_Dataset extract_:
-- Opening Marker --

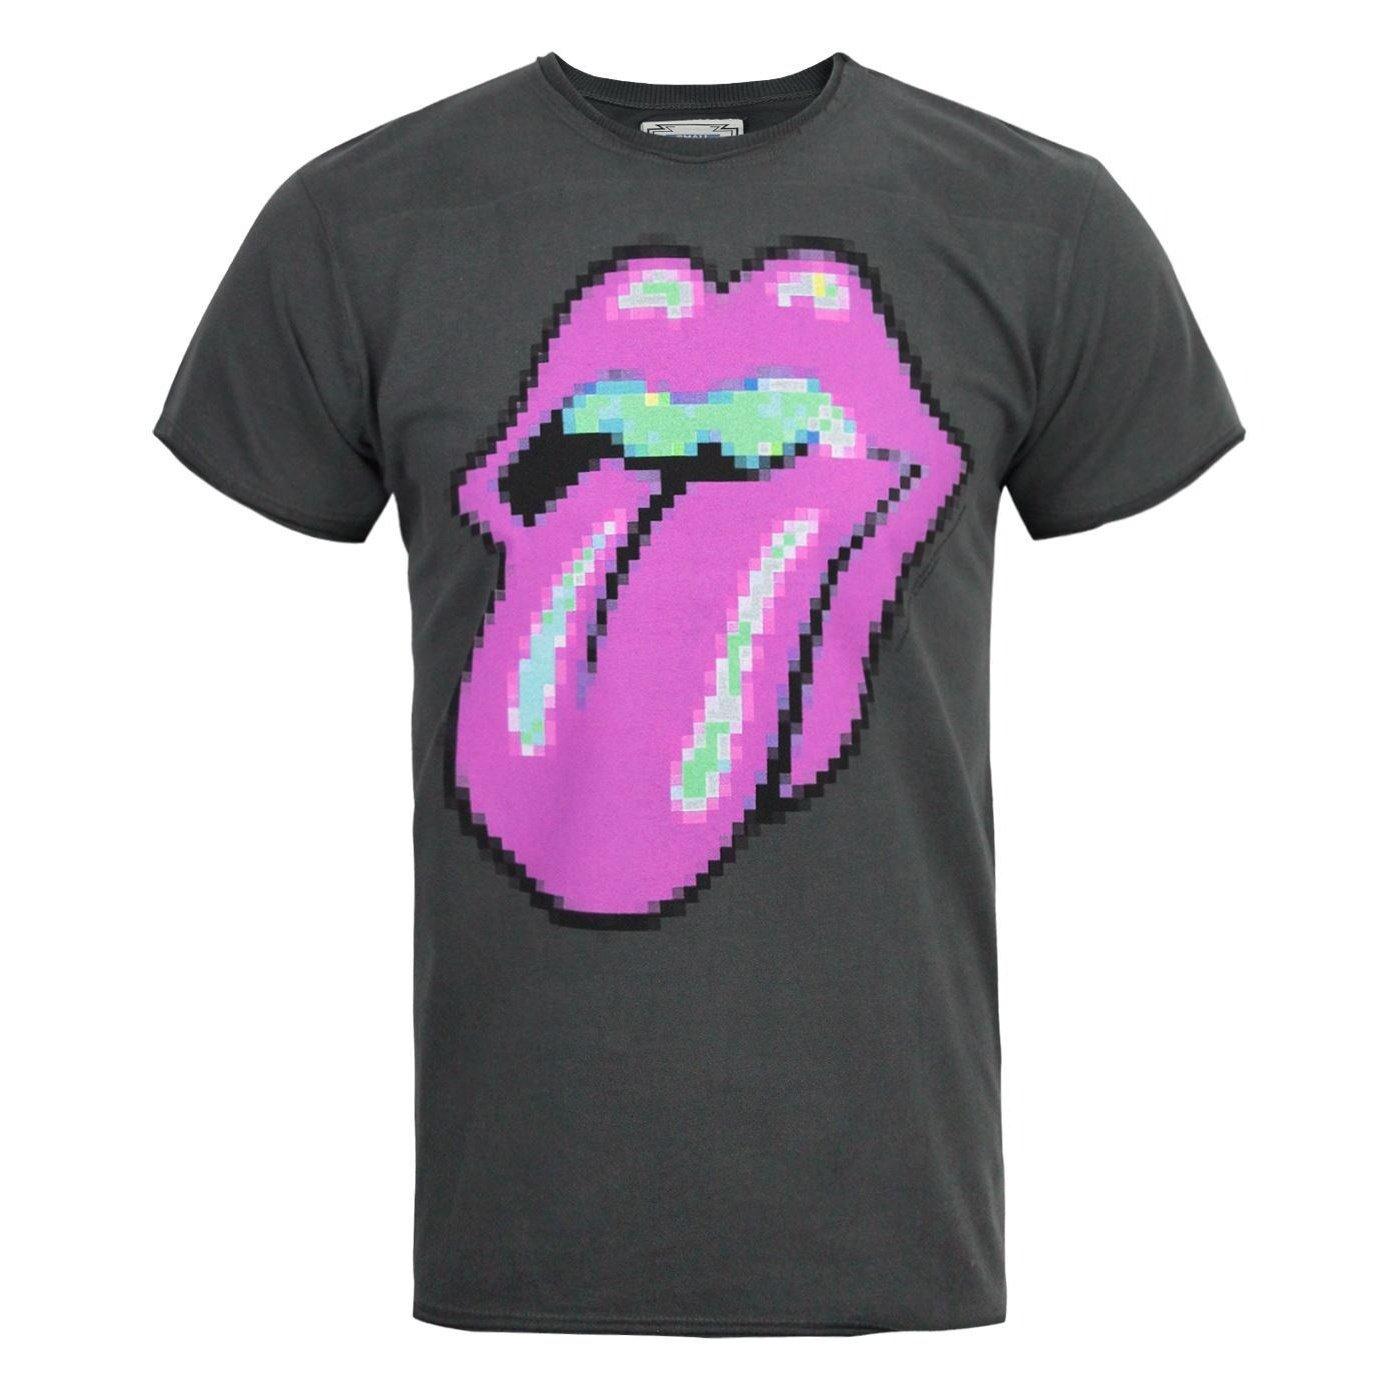 Rolling Stones Tshirt Herren Charcoal Black M von Amplified
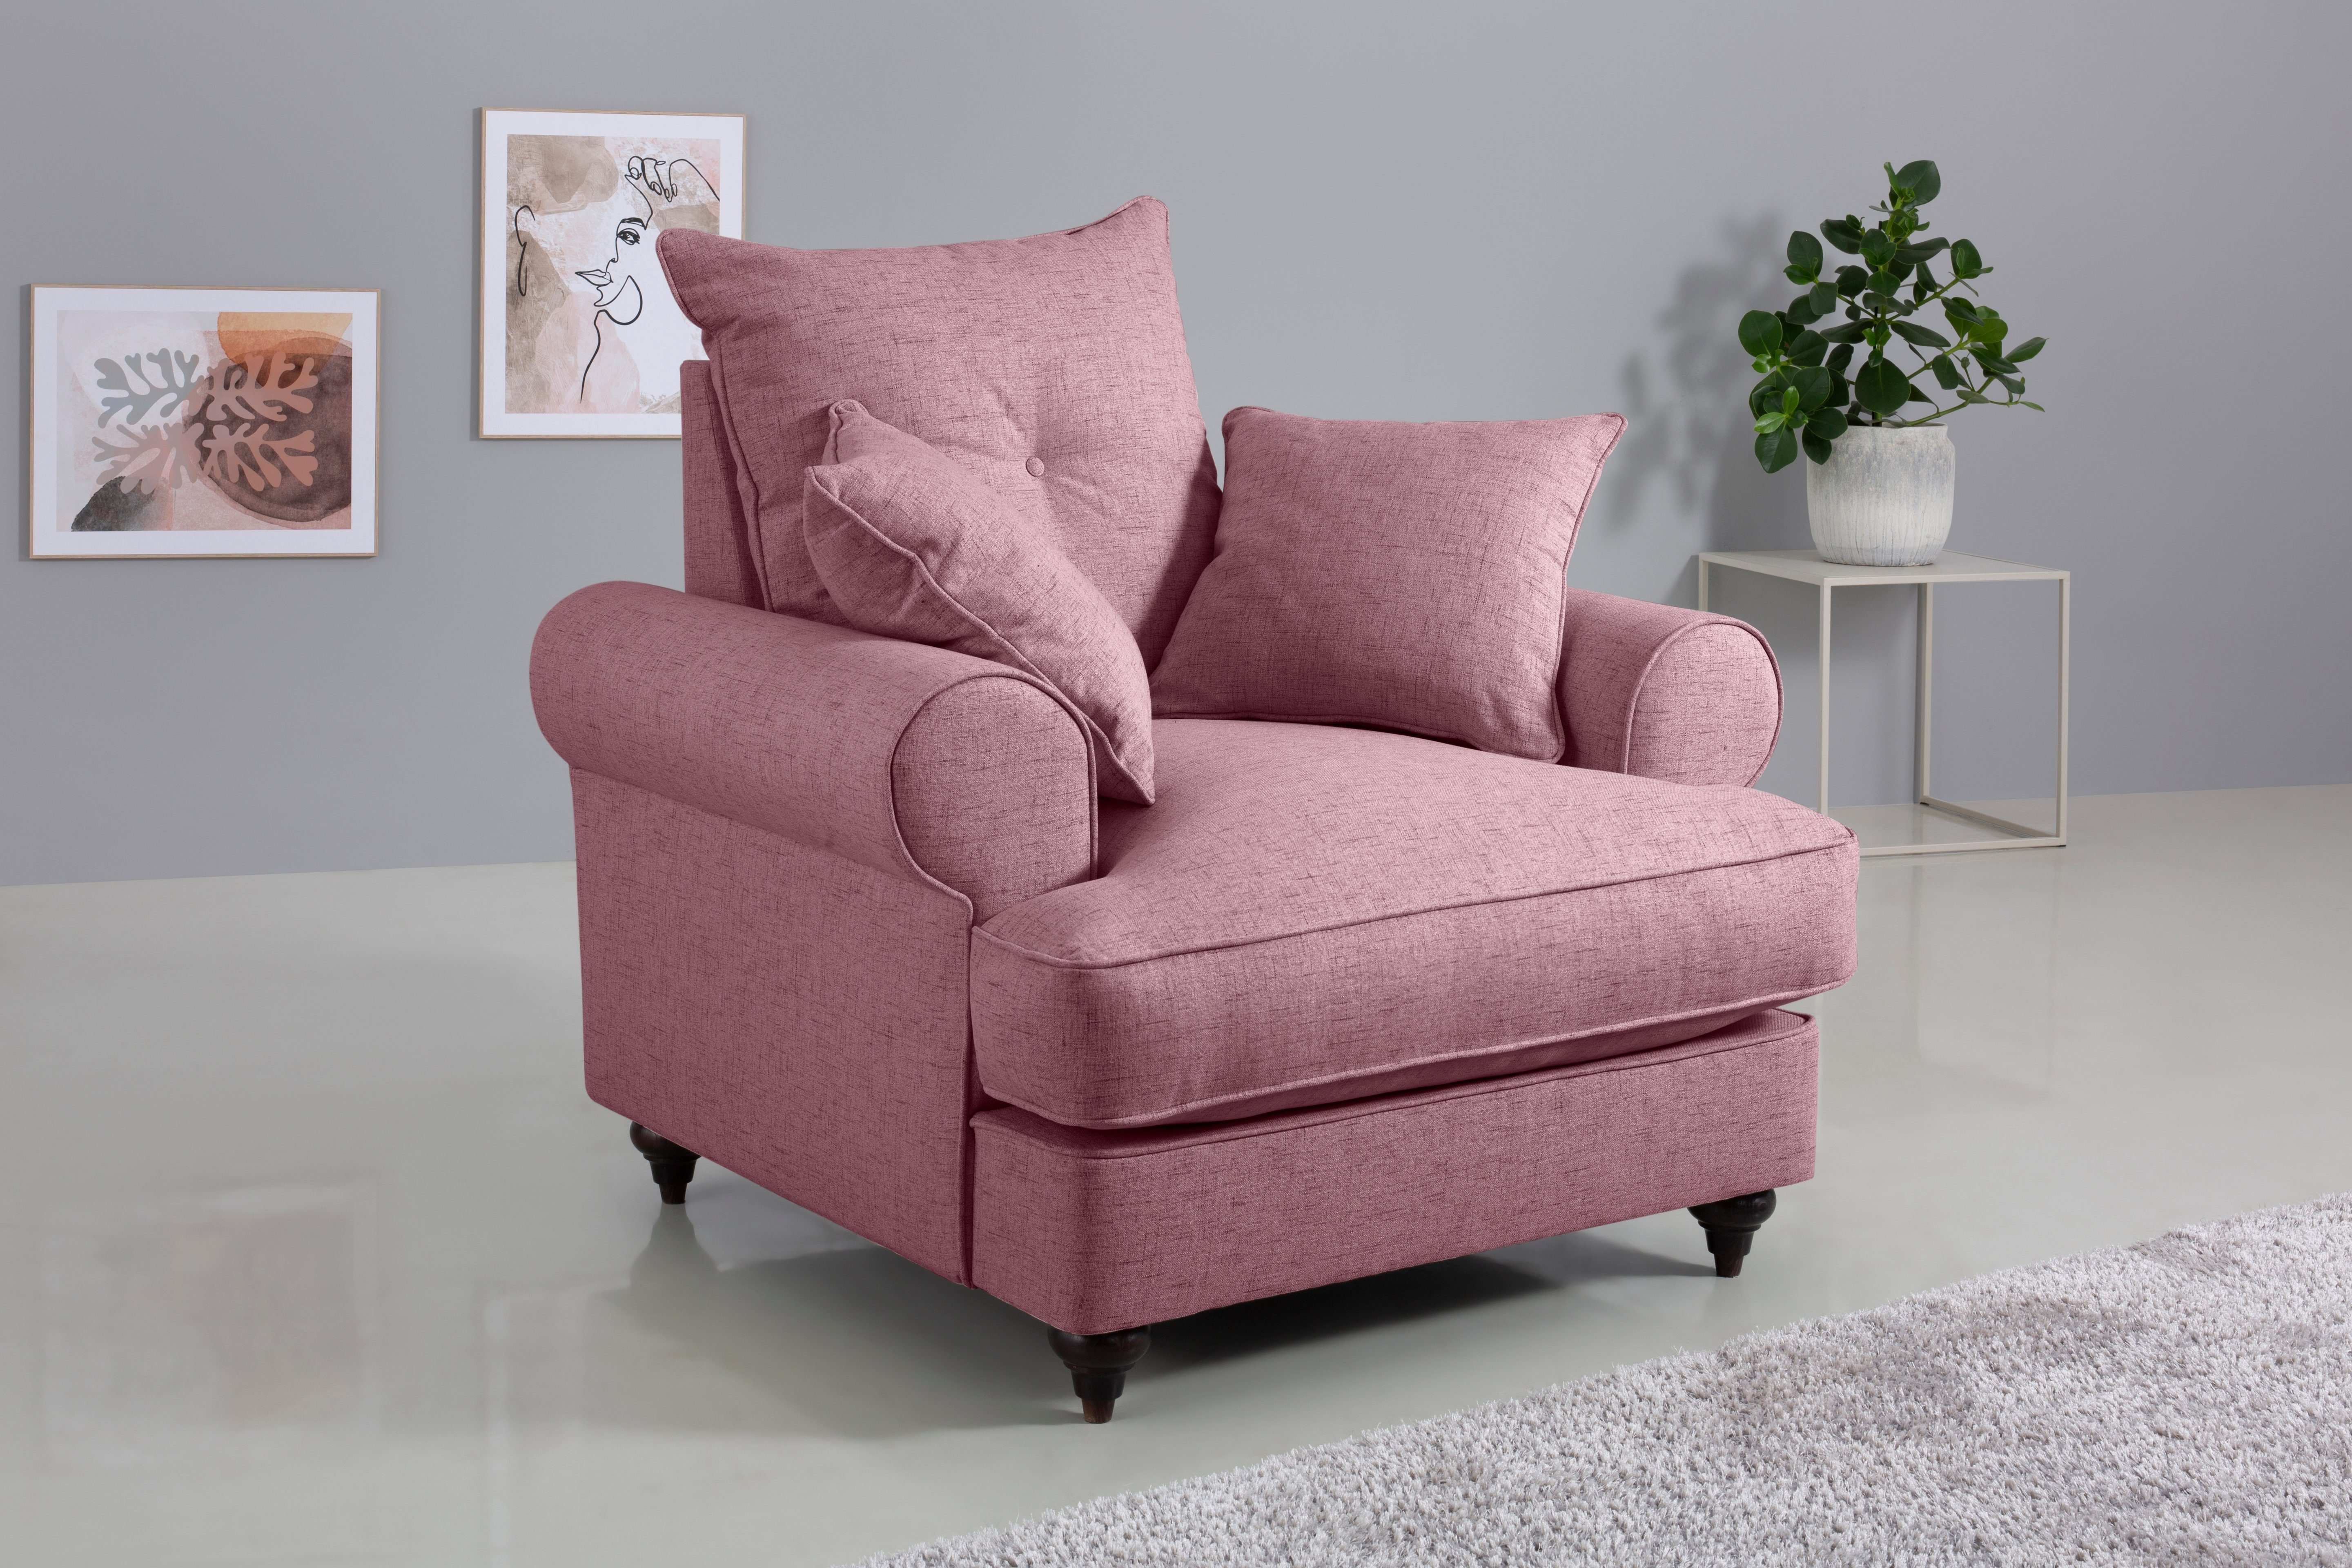 Home affaire Sessel Bloomer, mit hochwertigem Kaltschaum, in verschiedenen Farben erhältlich violet | Einzelsessel
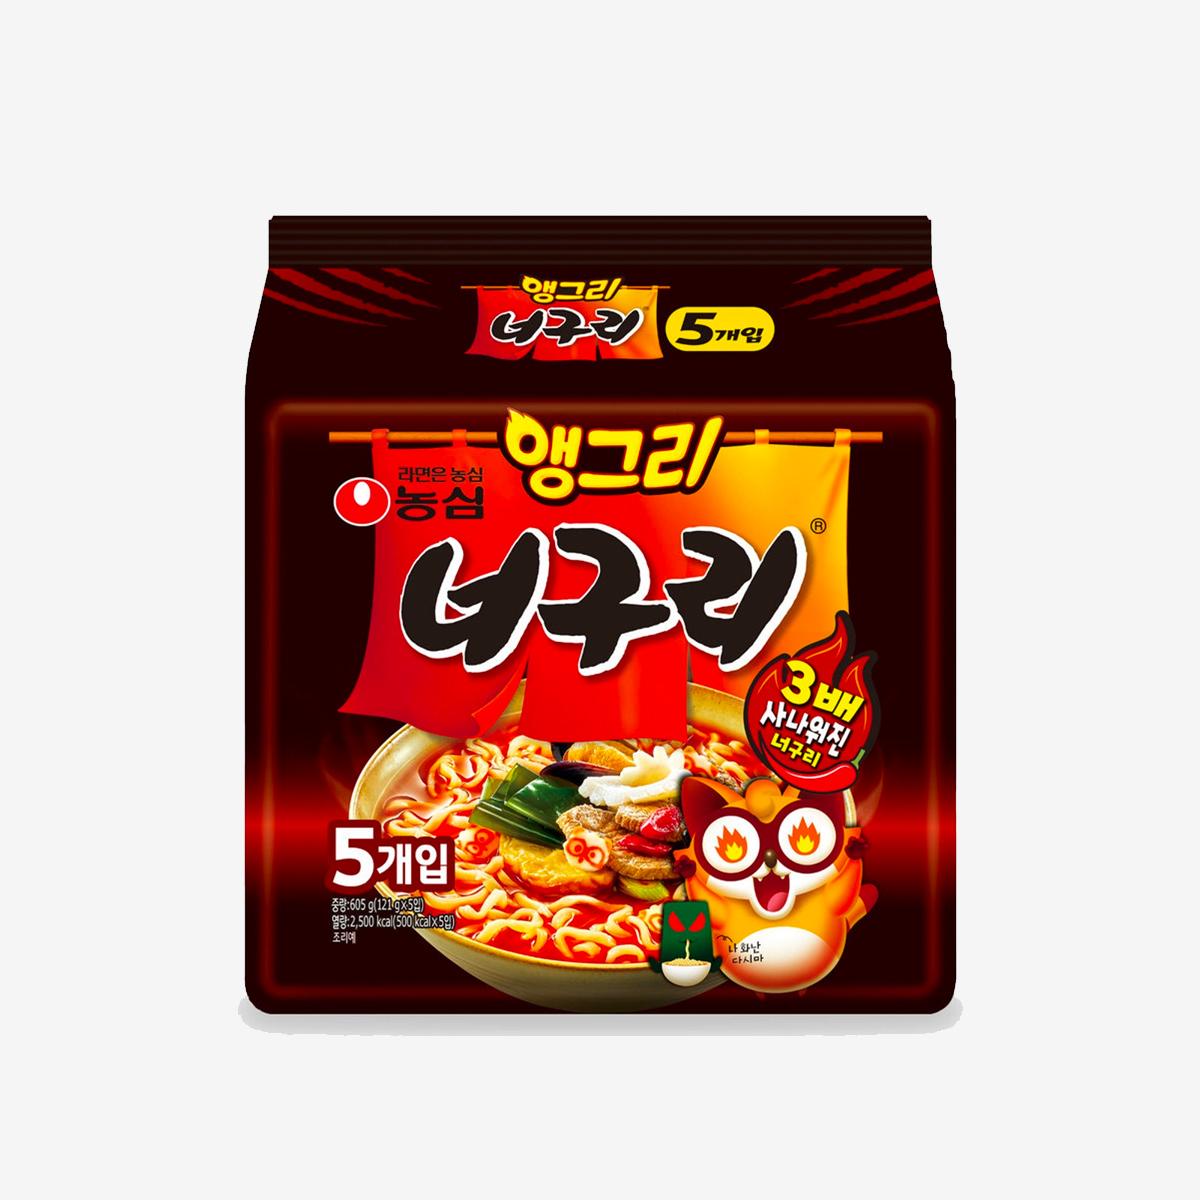 korean brand nongshim's angry neoguri ramen pack
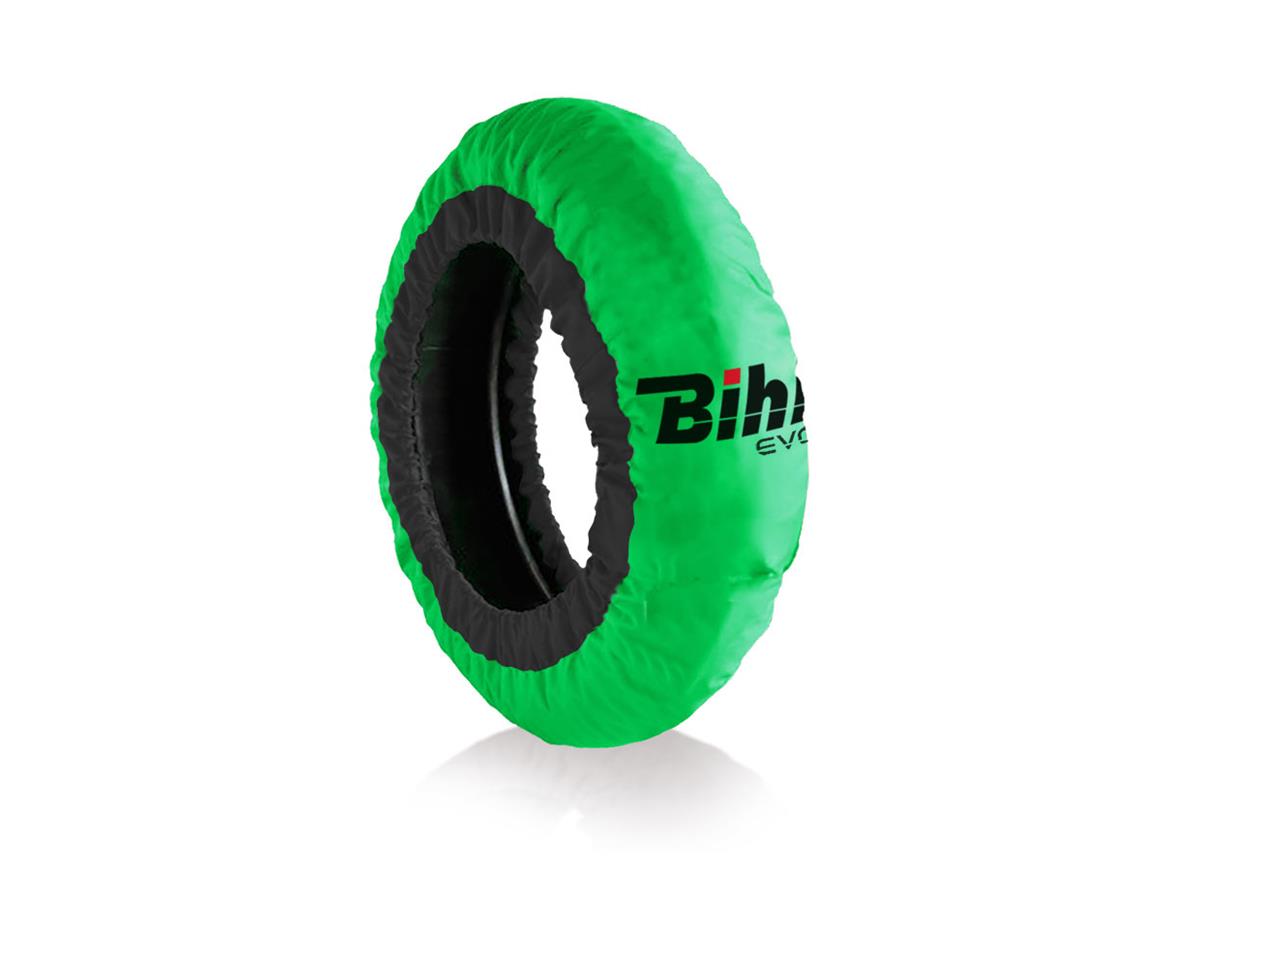 Couvertures chauffantes pneus 180-200mm marque Bihr Home Track Evo2 autorégulée verte

-- Closing Marker --

_What the exercise asks_: Write out exactly the lines running from the one with "Home affaire Sessel" through the end of the material, both ends included, while leaving the pictures out.

_Result of this exercise_:
 Home affaire Sessel Bloomer, mit hochwertigem Kaltschaum, in verschiedenen Farben erhältlich violet | Einzelsessel
 korean brand nongshim's angry neoguri ramen pack
 Couvertures chauffantes pneus 180-200mm marque Bihr Home Track Evo2 autorégulée verte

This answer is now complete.